Bhagavan Mahavira Life and Philosophy ► 09 ► [09.09] Philosophy And Exhortation (9)

Posted: 27.09.2005

Chapter 9

Philosophy And Exhortation


If one's vision is capable of expelling the darkness, he would not need a lamp. Likewise the soul itself being blissful, there is no need of external object for bliss.
(Pravacanasara, 1/67)


Those who are interested in worldly objects have of necessity misery in them. If there were no misery in them, they would not indulge in those objects.
(Pravacanasara, 1/84)


I condemn what is worthy of condemnation; I censure what is worthy of censure. I atone for all the outer and inner encroachments on the soul.
(Mulacara, 2/55)


May the state of the Arhats, the Siddhas and the Vitaragas be my goal.
(Mulacara, 2/107)


As the fire quickly consumes dry wood, even so an adept whose soul is equipoised and unattached causes the accumulated karma structure to disintegrate.
(Acaranga, 4/3/33)


Those who hanker after pleasure, those who are attached to or seized by passions and are obstinate like a miser, cannot know the nature of samadhi (self-concentration).
(Sutrakrtanga, l/2/58)


A monk engrossed in meditation renounces all evils.

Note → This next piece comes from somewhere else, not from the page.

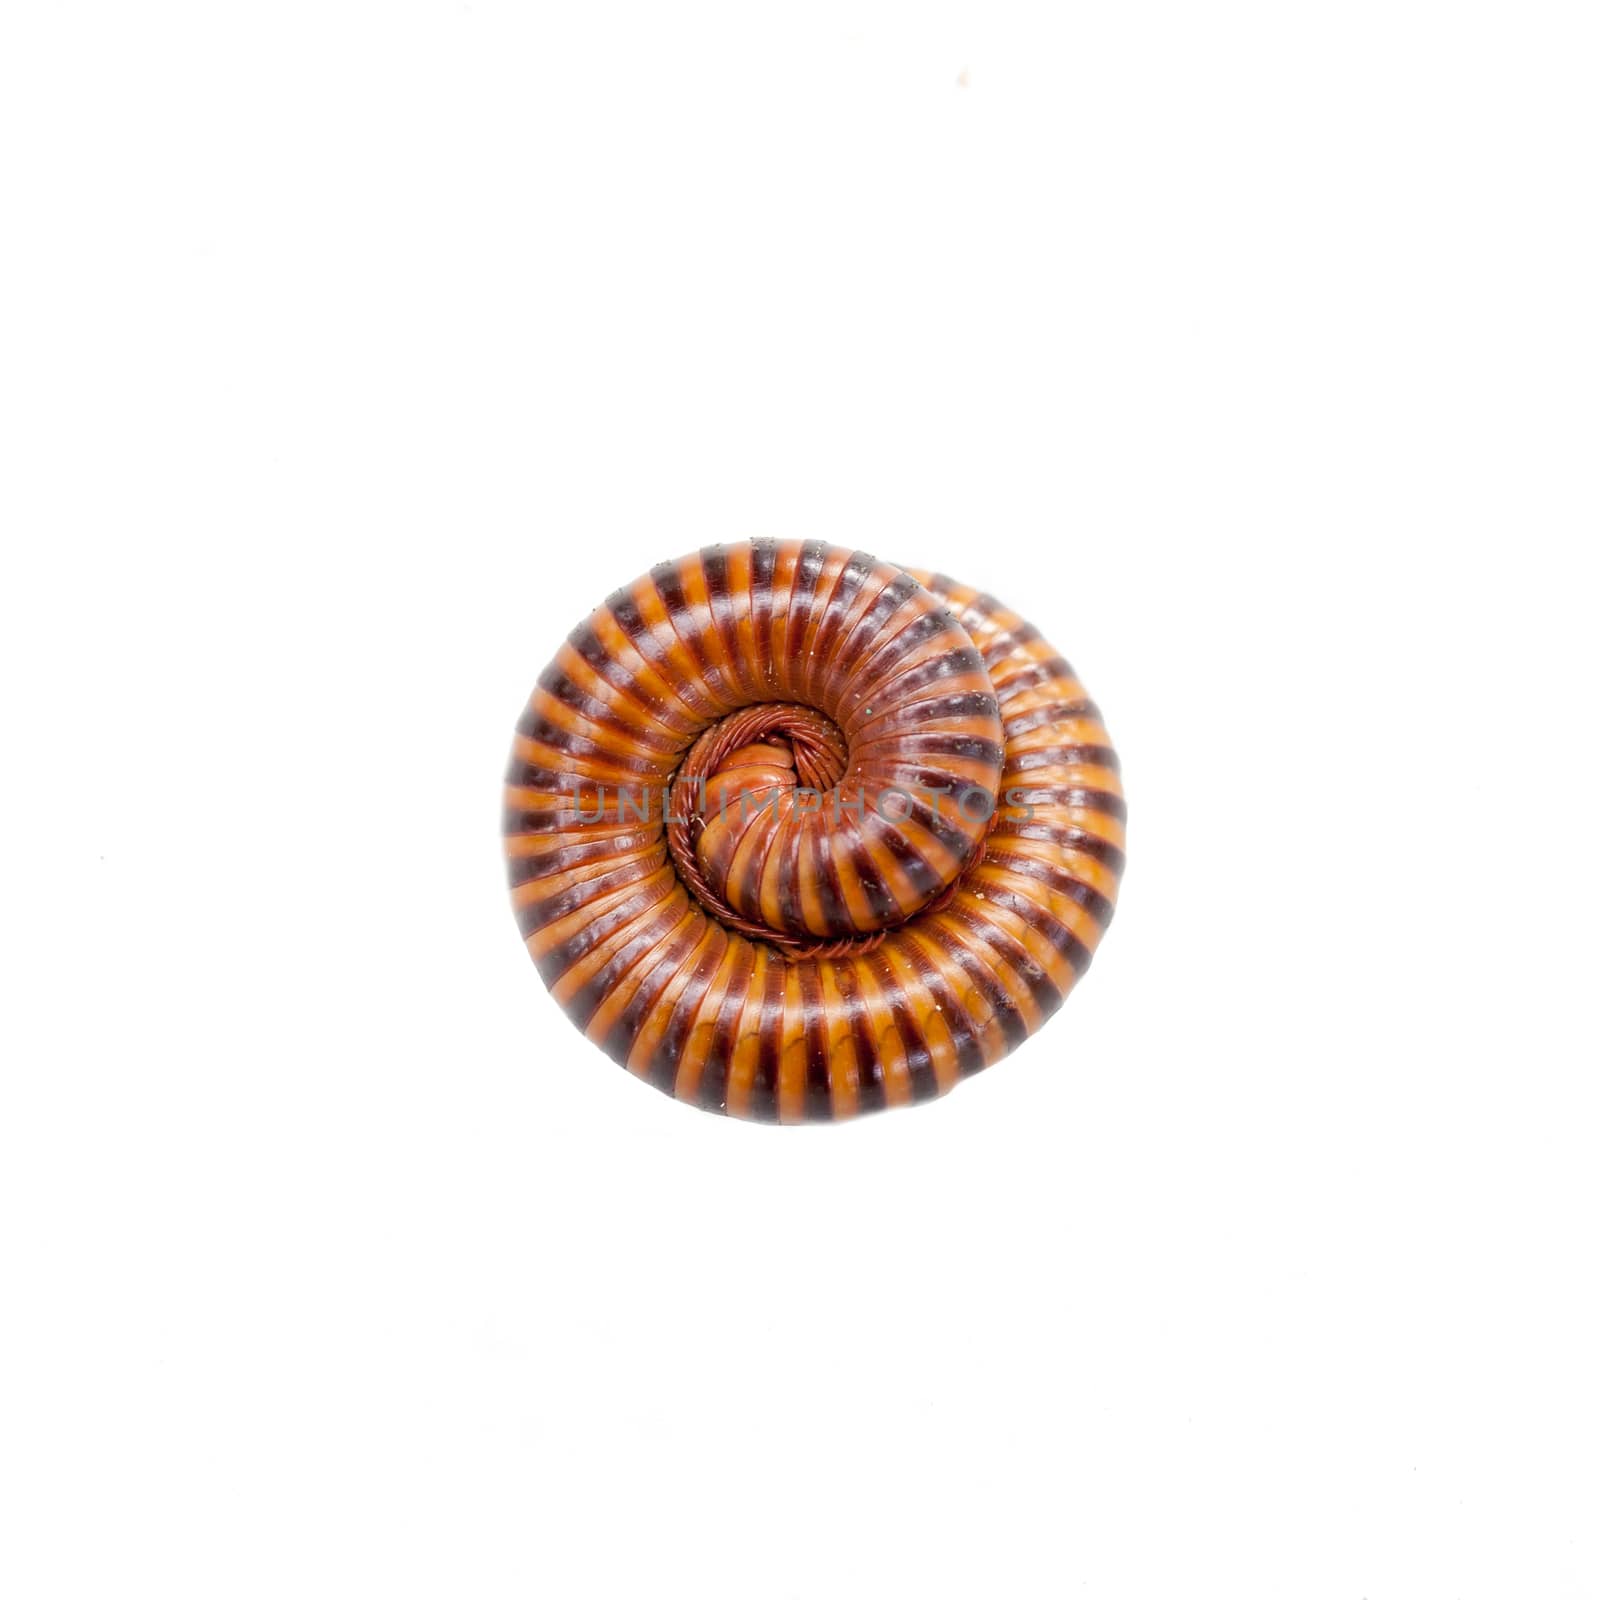 Millipede in isolated on white background .

Meditation is therefore the best way of regression from all transgressions.
(Niyamasara, 63)


One, who meditates on the soul attains the supreme samadhi.
(Niyamasara, 129)


The monk who is absorbed in meditation achieves victory over attachment and aversion, and the senses. His fear vanishes and his passions are shattered. Finally, he extirpates his indulgence, abhorrence and delusion.